We pass a number of flags here. There are even more available, and generally
speaking, there is at least one flag for each configuration knob available in
the library. This means that it should be possible to configure the DFA in any
way you might expect to be able to in the code. We can briefly explain the
flags we use here though:

* `--minimize` applies a [DFA minimization] algorithm to try and shrink
the size of the DFA as much as possible. In some cases it can make a big
difference, but not all. Minimization can also be extremely expensive, but
given that this is an offline process and presumably done rarely, it's usually
a good trade off to make.
* `--shrink` uses heuristics to make the size of the NFA smaller in some cases.
This doesn't impact the size of the DFA, but it can make determinization (the
process of converting an NFA into a DFA) faster at the cost of making NFA
construction slower.
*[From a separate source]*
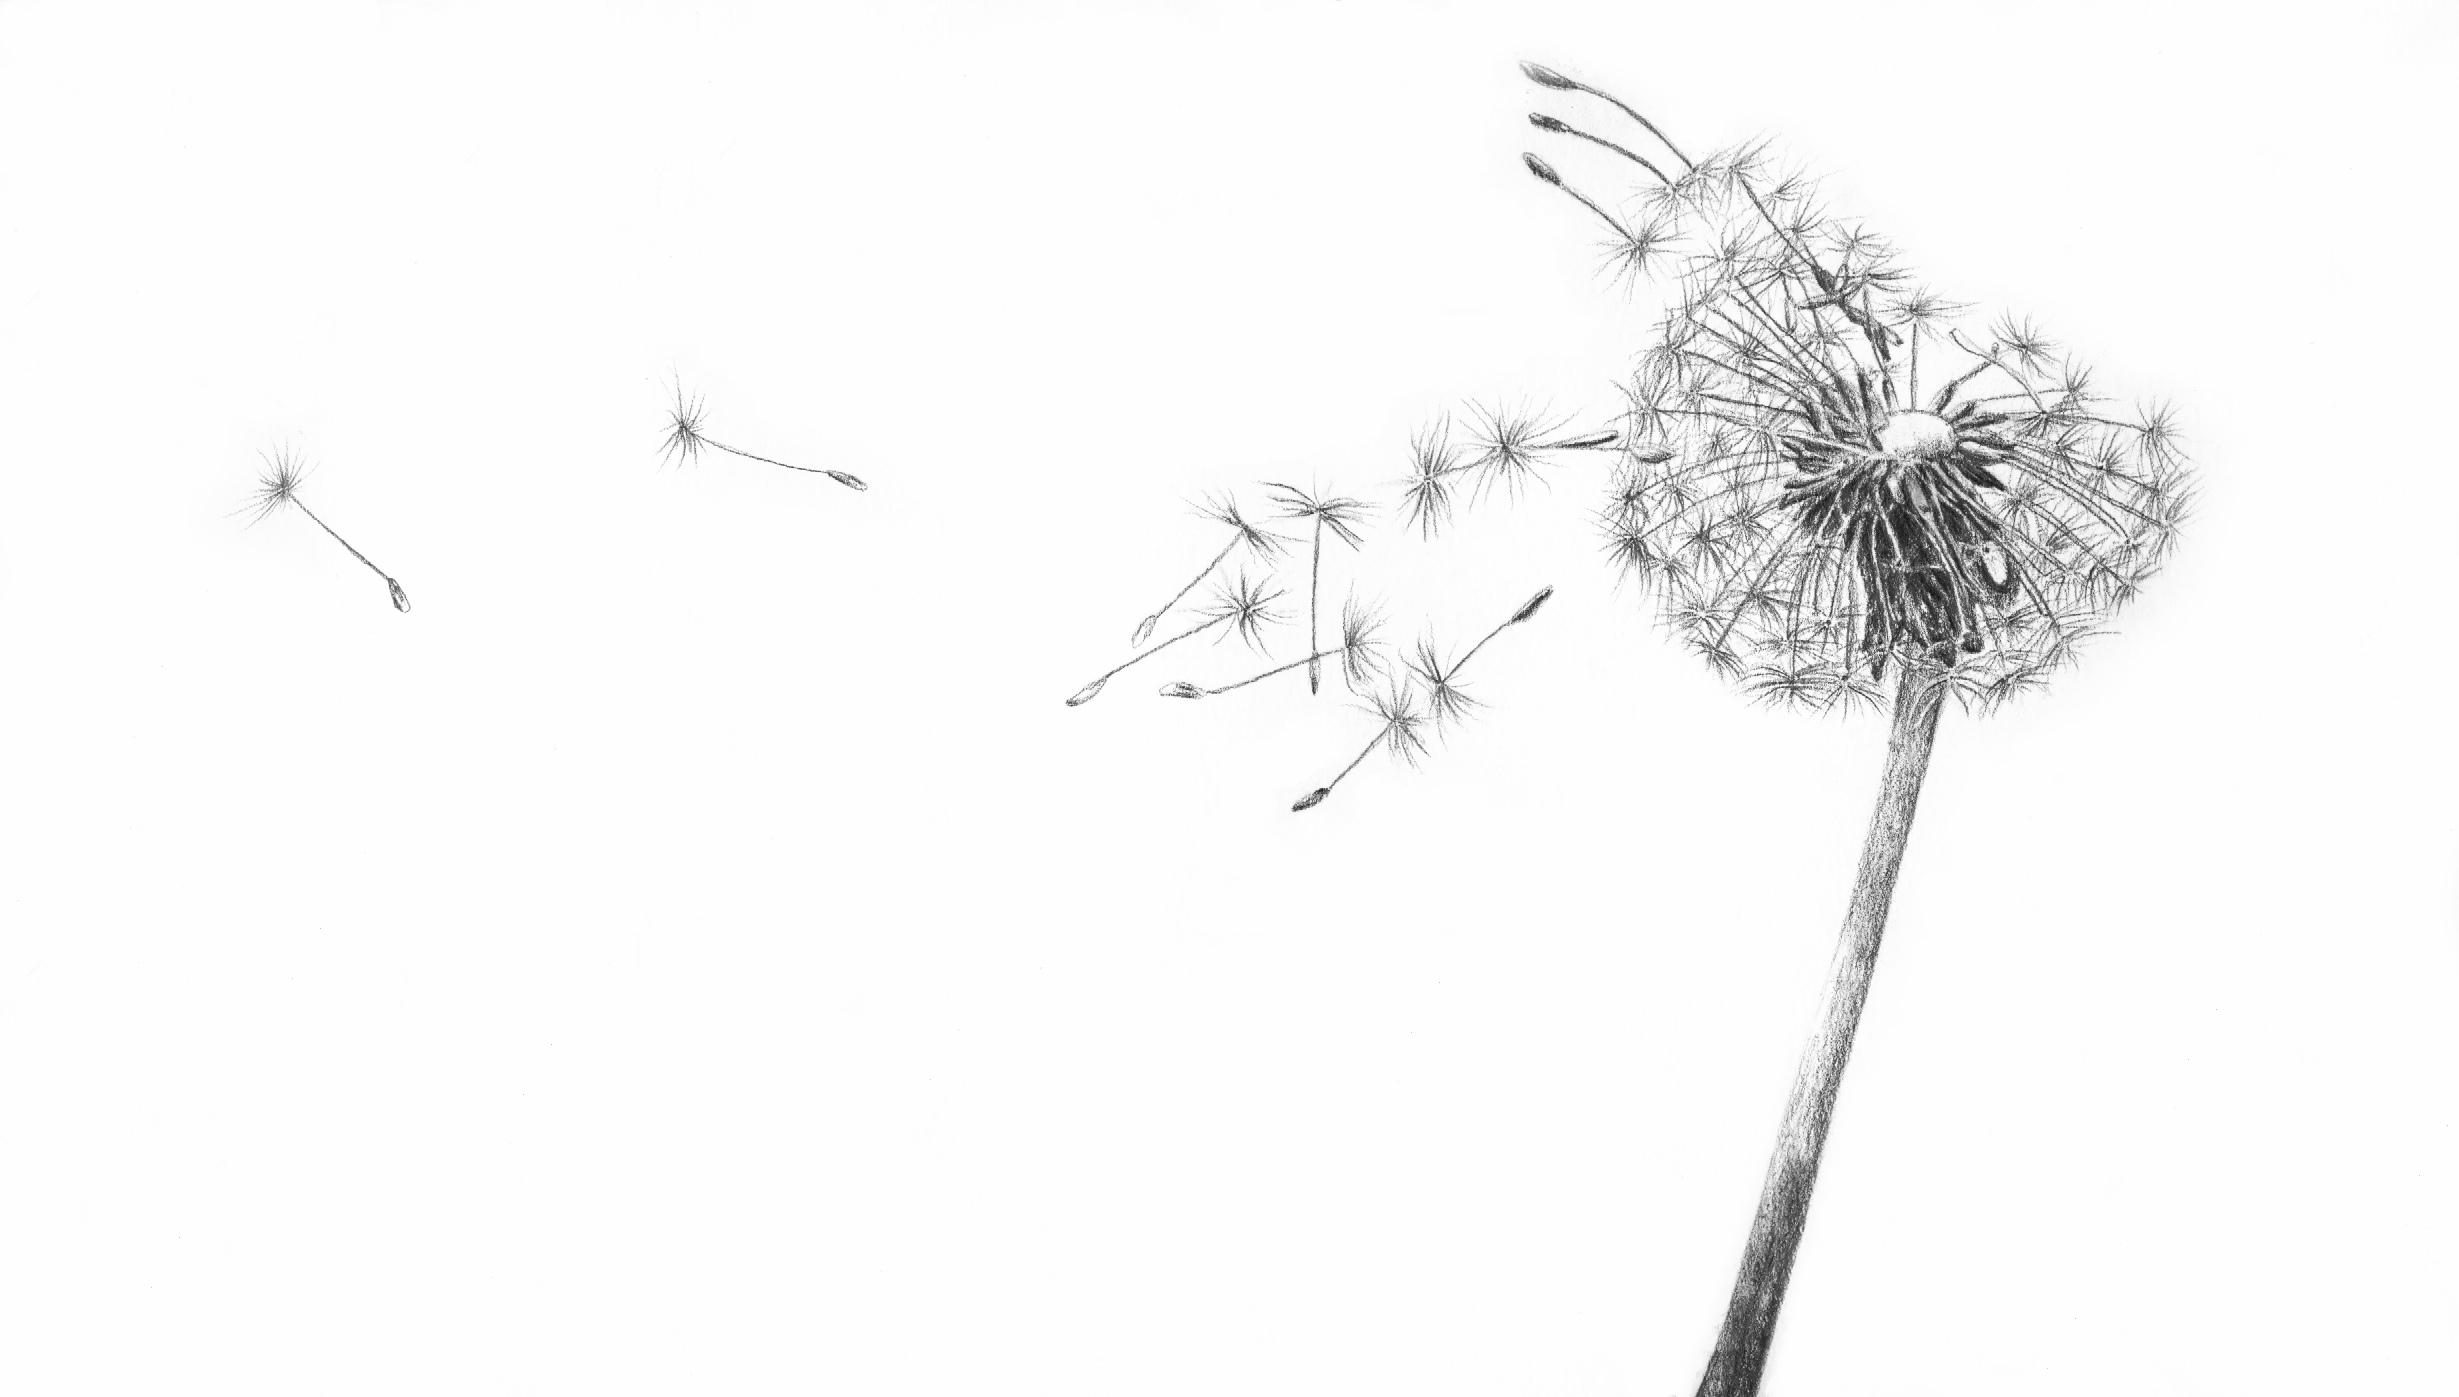 79672f639cd32b3559728e4904aebd78_dandelion-seasons-family-counseling-llc-black-and-white-dandelion-drawing_2459-1397.jpeg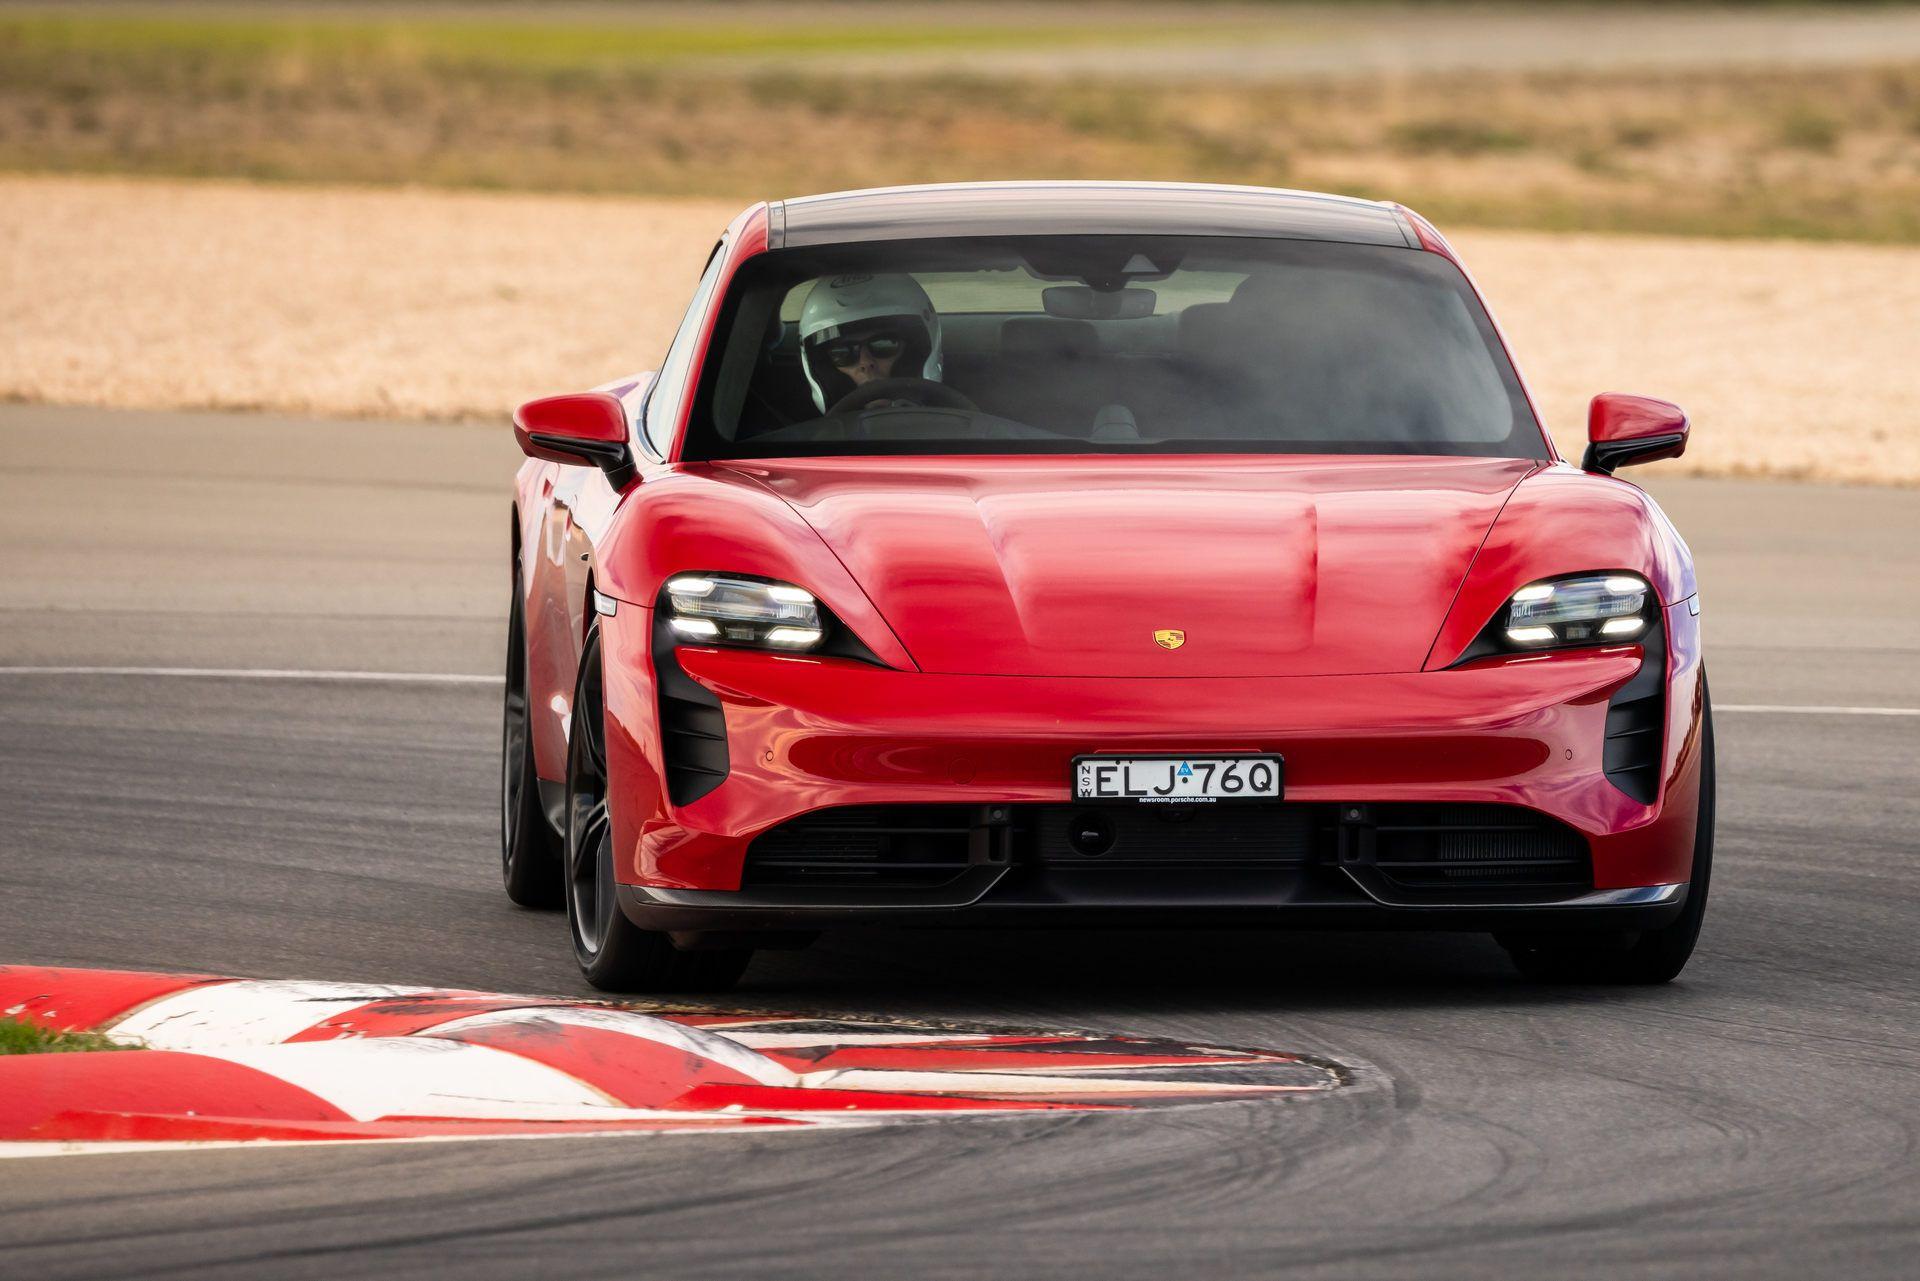 Porsche-Taycan-Turbo-S-The-Bend-Motorsport-Park-11

This can make overall DFA generation time faster.
* `--start-kind anchored` says to build a DFA that only supports anchored
searches. (That is, every match must have a start offset equivalent to the
start of the search.) Without this, DFAs support both anchored and unanchored
searches, and that in turn can make them much bigger than they need to be if
you only need one or the other.
* `--rustfmt` will run `rustfmt` on the generated Rust code.
* `--safe` will use only safe code for deserializing the DFA. This may be
slower, but it is a one time cost. If you find that deserializing the DFA is
too slow, then dropping this option will use alternative APIs that may result
in undefined behavior if the given DFA is not valid. (Every DFA generated by
`regex-cli` is intended to be valid. So *not* using `--safe` should always be
correct, but it's up to you whether it's worth doing.)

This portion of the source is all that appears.